I tested these changes out and it seemed to work quite well.  My X.
directory was cleaned out within an hour and I received all sorts of
backlogged mail!  I guess the only real cleanup would be to change the
(24*3600) to a defined constant, but I didn't feel like it at the
time...

/Joe Kelsey	John Fluke Mfg. Co., Inc.
{microsoft, uw-beaver, allegra}!fluke

honey@down.UUCP (code 101) (02/24/84)

while i agree with your goals, the removal of dead C., D., and X. files
is not a job for the core programs (uucp, uux, uuxqt, and uucico).
over a period of years, redman collected hundreds of dead work files on
harpo and wrote a shell script, which he called SuperShell, that
analyzes and dispenses with them (e.g., giving rnews or rmail their
orphaned input, and returning ancient mail to its sender).  nowitz
converted this script into a c program (called uucleanup), and arranged
for the "standard" daily daemon in honey danber to invoke it.
	peter honeyman

joe@fluke.UUCP (Joe Kelsey) (03/01/84)

It seems that I was a little too trusting of Tom Truscott's original mock C
code to deal with dead work files stopping uuxqt.  In the fix I distributed,
uuxqt could still hang for upwards of several days if the first work file it
finds doesn't "gotfiles", since the modification won't remove it for a day.
I find that by moving the second call to "iswrk" to after the while loop
which removes dead work files, and putting a conditional return there, uuxqt
seems to work much better.  Here is the complete diff for uuxqt from the
distributed version.  One thing to think about is what Peter Honeyman
mentioned, whether the removing of dead files really belongs in uuxqt.  I
suppose if you really don't want to remove the dead file, you could just
comment out the unlink in the while loop, but you probably want to log a
message to make sure someone eventually notices this problem.  I think if
you don't unlink the files, uuxqt could still stall whenever you have a lot
of dead work files.  Anyway, here is the new diff:

*** /tmp/,RCSt1006994	Wed Feb 29 14:08:59 1984
--- uuxqt.c	Wed Feb 29 14:08:12 1984
***************
*** 25,30
  #define	NCMDS	50
  char *Cmds[NCMDS];
  
  int notiok = 1;
  int nonzero = 0;
  

--- 25,33 -----
  #define	NCMDS	50
  char *Cmds[NCMDS];
  
+ /* Nfiles is set in anlwrk.c. fluke!joe */
+ extern int Nfiles;
+ 
  int notiok = 1;
  int nonzero = 0;
  
***************
*** 304,309
   * Mod to recheck for X-able files.
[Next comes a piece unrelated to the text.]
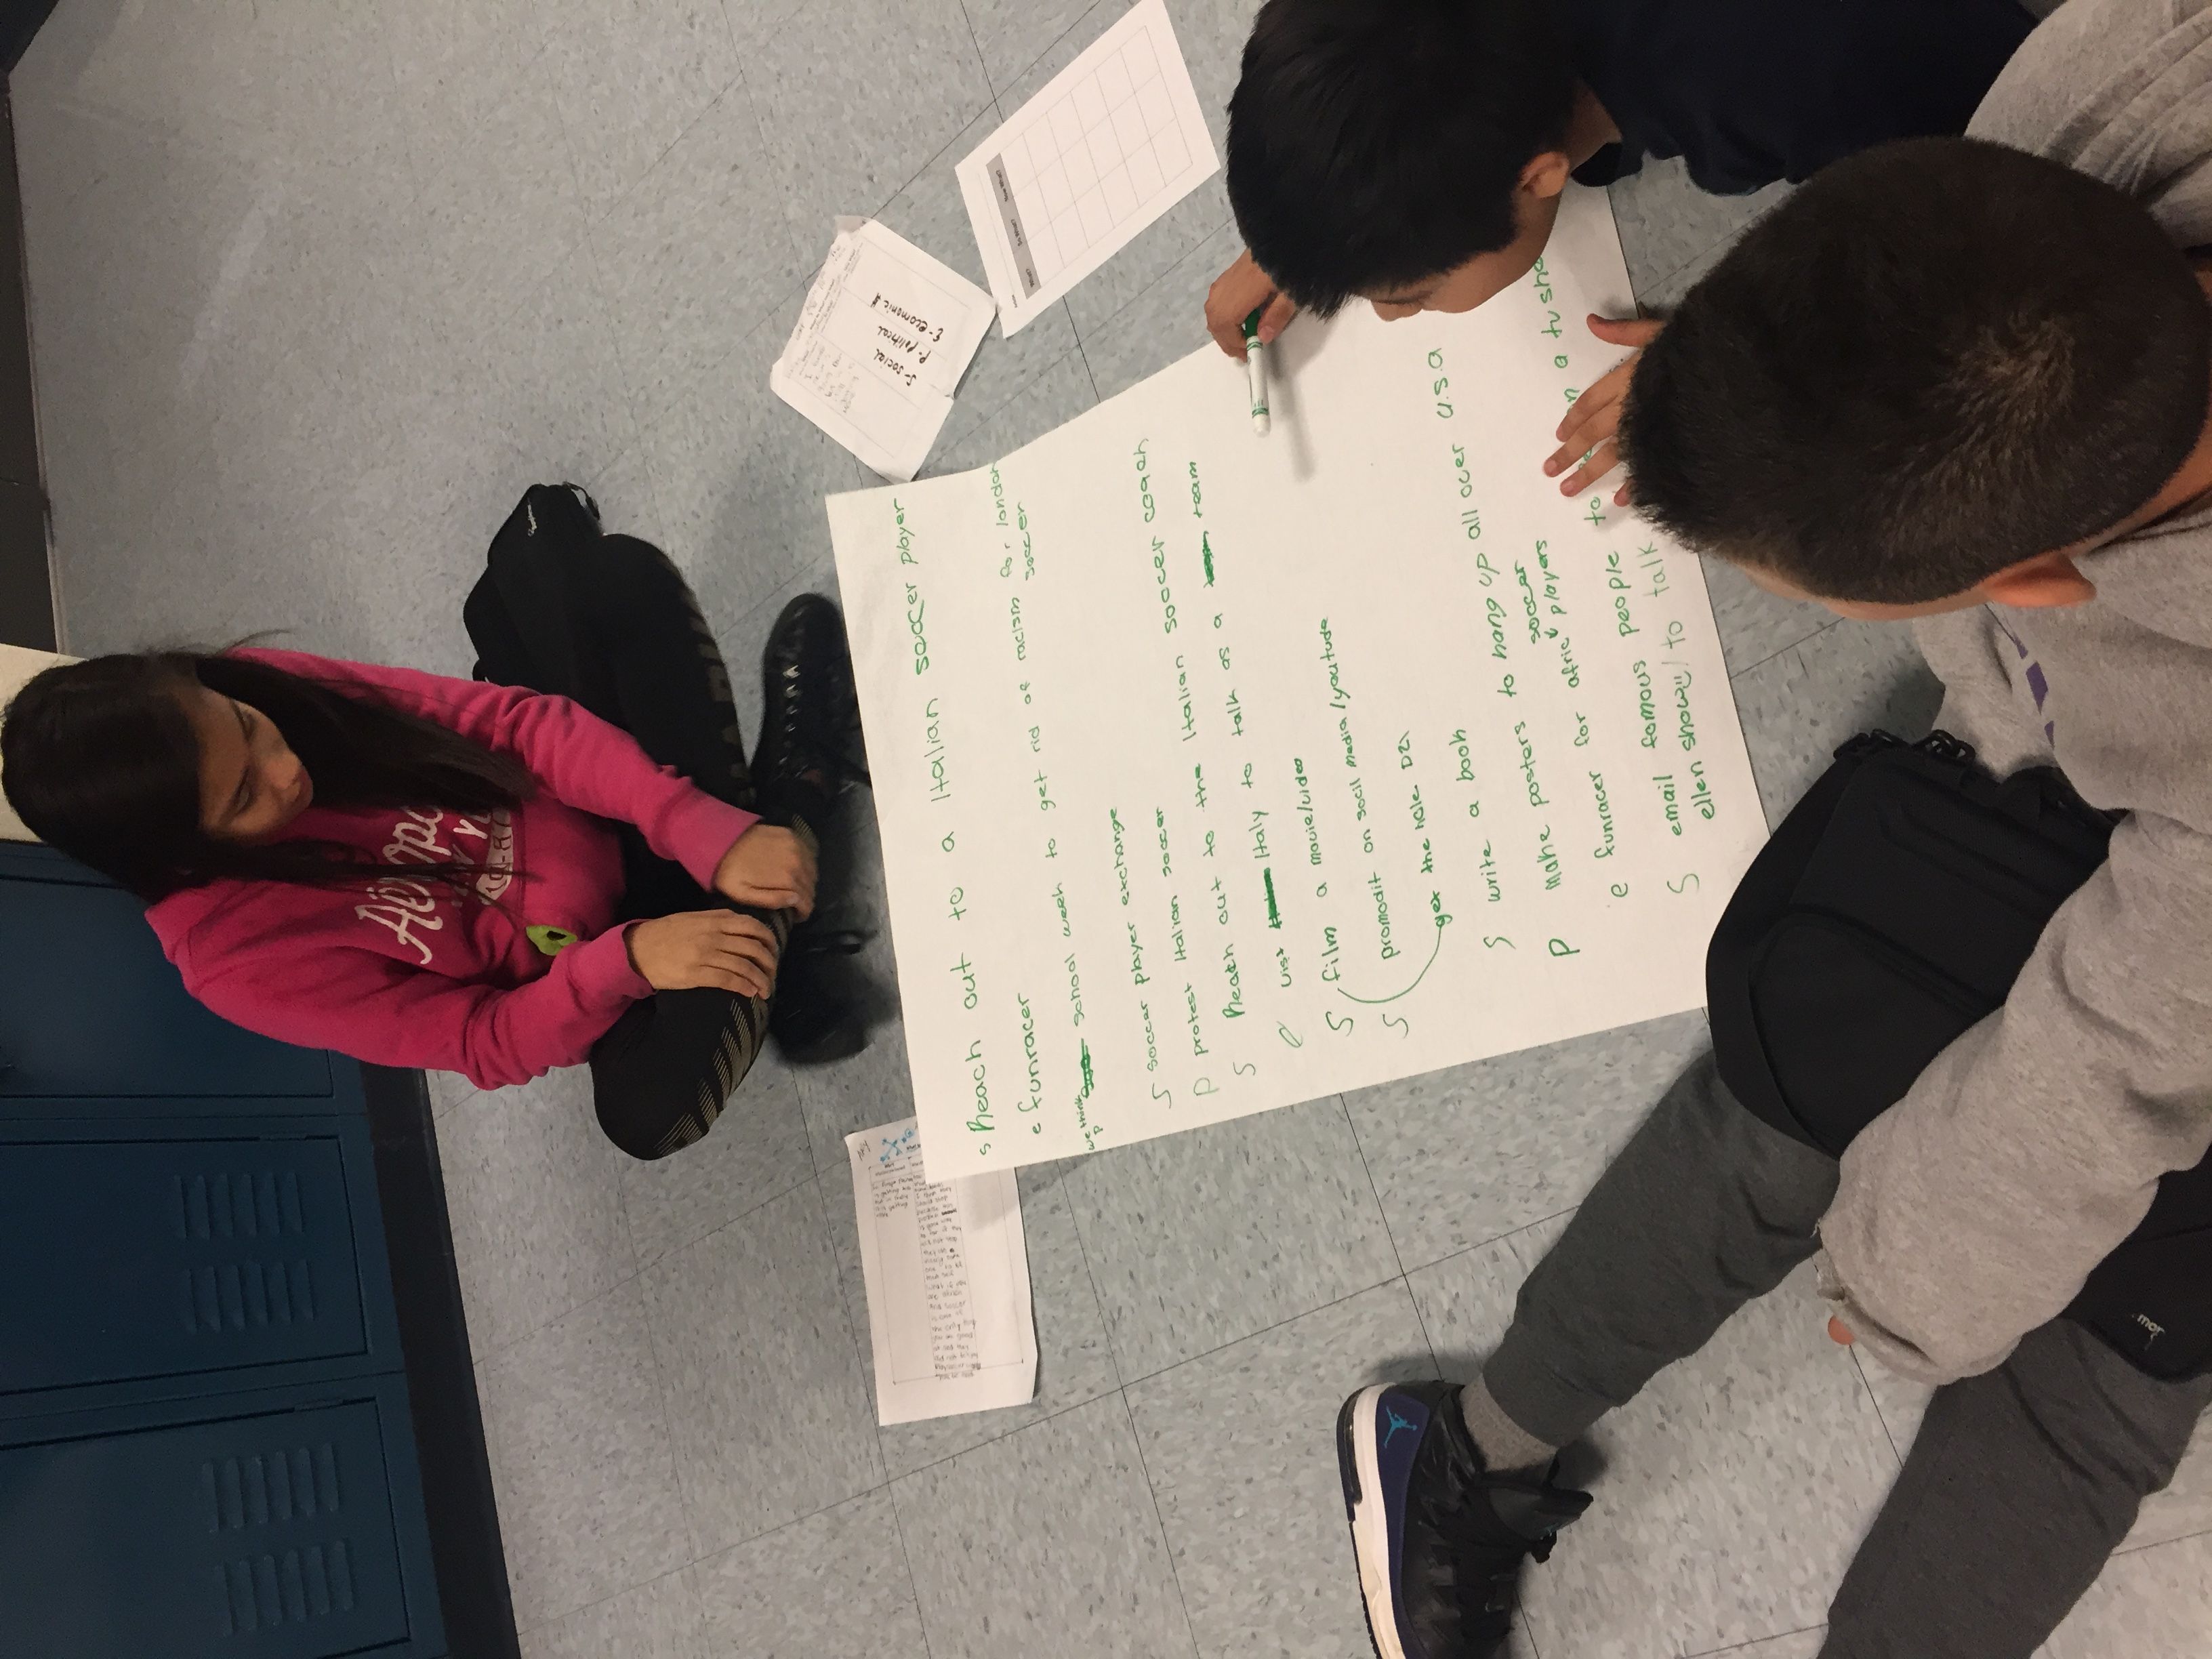 Students brainstorm solutions to challenges facing present-day Egypt, Greece, and Rome. Image courtesy of Tracy Crowley. United States, 2018.

Sept 1982, rti!trt.
   * Suggested by utzoo.2458 (utzoo!henry)
   * Uses iswrk/gtwrkf to keep files in sequence, May 1983.
   */
  
  gtxfile(file)

--- 307,313 -----
   * Mod to recheck for X-able files. Sept 1982, rti!trt.
   * Suggested by utzoo.2458 (utzoo!henry)
   * Uses iswrk/gtwrkf to keep files in sequence, May 1983.
+  * Mod to check for old X. files, Feb. 1984, fluke!joe.
   */
  
  gtxfile(file)
***************
*** 311,316
  {
  	char pre[3];
  	register int rechecked;
  
  	pre[0] = XQTPRE;
  	pre[1] = '.';

--- 315,323 -----
  {
  	char pre[3];
  	register int rechecked;
+ 	time_t ystrdy;		/* yesterday */
+ 	extern time_t time();
+ 	struct stat stbuf;	/* for X file age */
  
  	pre[0] = XQTPRE;
  	pre[1] = '.';
***************
*** 333,338
  #endif
  	if (gotfiles(file))
  		return(1);
  	goto retry;
  }
  

--- 340,362 -----
  #endif
  	if (gotfiles(file))
  		return(1);
+ 	/* check for old X. file with no work files and remove them. */
+ 	/* suggested by Tom Truscott. fluke!joe */
+ 	if (Nfiles > LLEN/2) {
+ 	    time(&ystrdy);
+ 	    ystrdy -= (24 * 3600);		/* yesterday */
+ 	    DEBUG(4, "gtxfile: Nfiles > LLEN/2\n", "");
+ 	    while (gtwrkf(Spool, file) && !gotfiles(file)) {
+ 		if (stat(subfile(file), &stbuf) == 0)
+ 		    if (stbuf.st_mtime <= ystrdy) {
+ 			DEBUG(4, "gtxfile: unlink %s \n", file);
+ 			unlink(subfile(file));
+ 		    }
+ 	    }
+ 	    DEBUG(4, "iswrk\n", "");
+ 	    if (!iswrk(file, "get", Spool, pre))
+ 		return 0;
+ 	}
  	goto retry;
  }
  
Has anyone else installed this?  Or am I the only one brave enough?

/Joe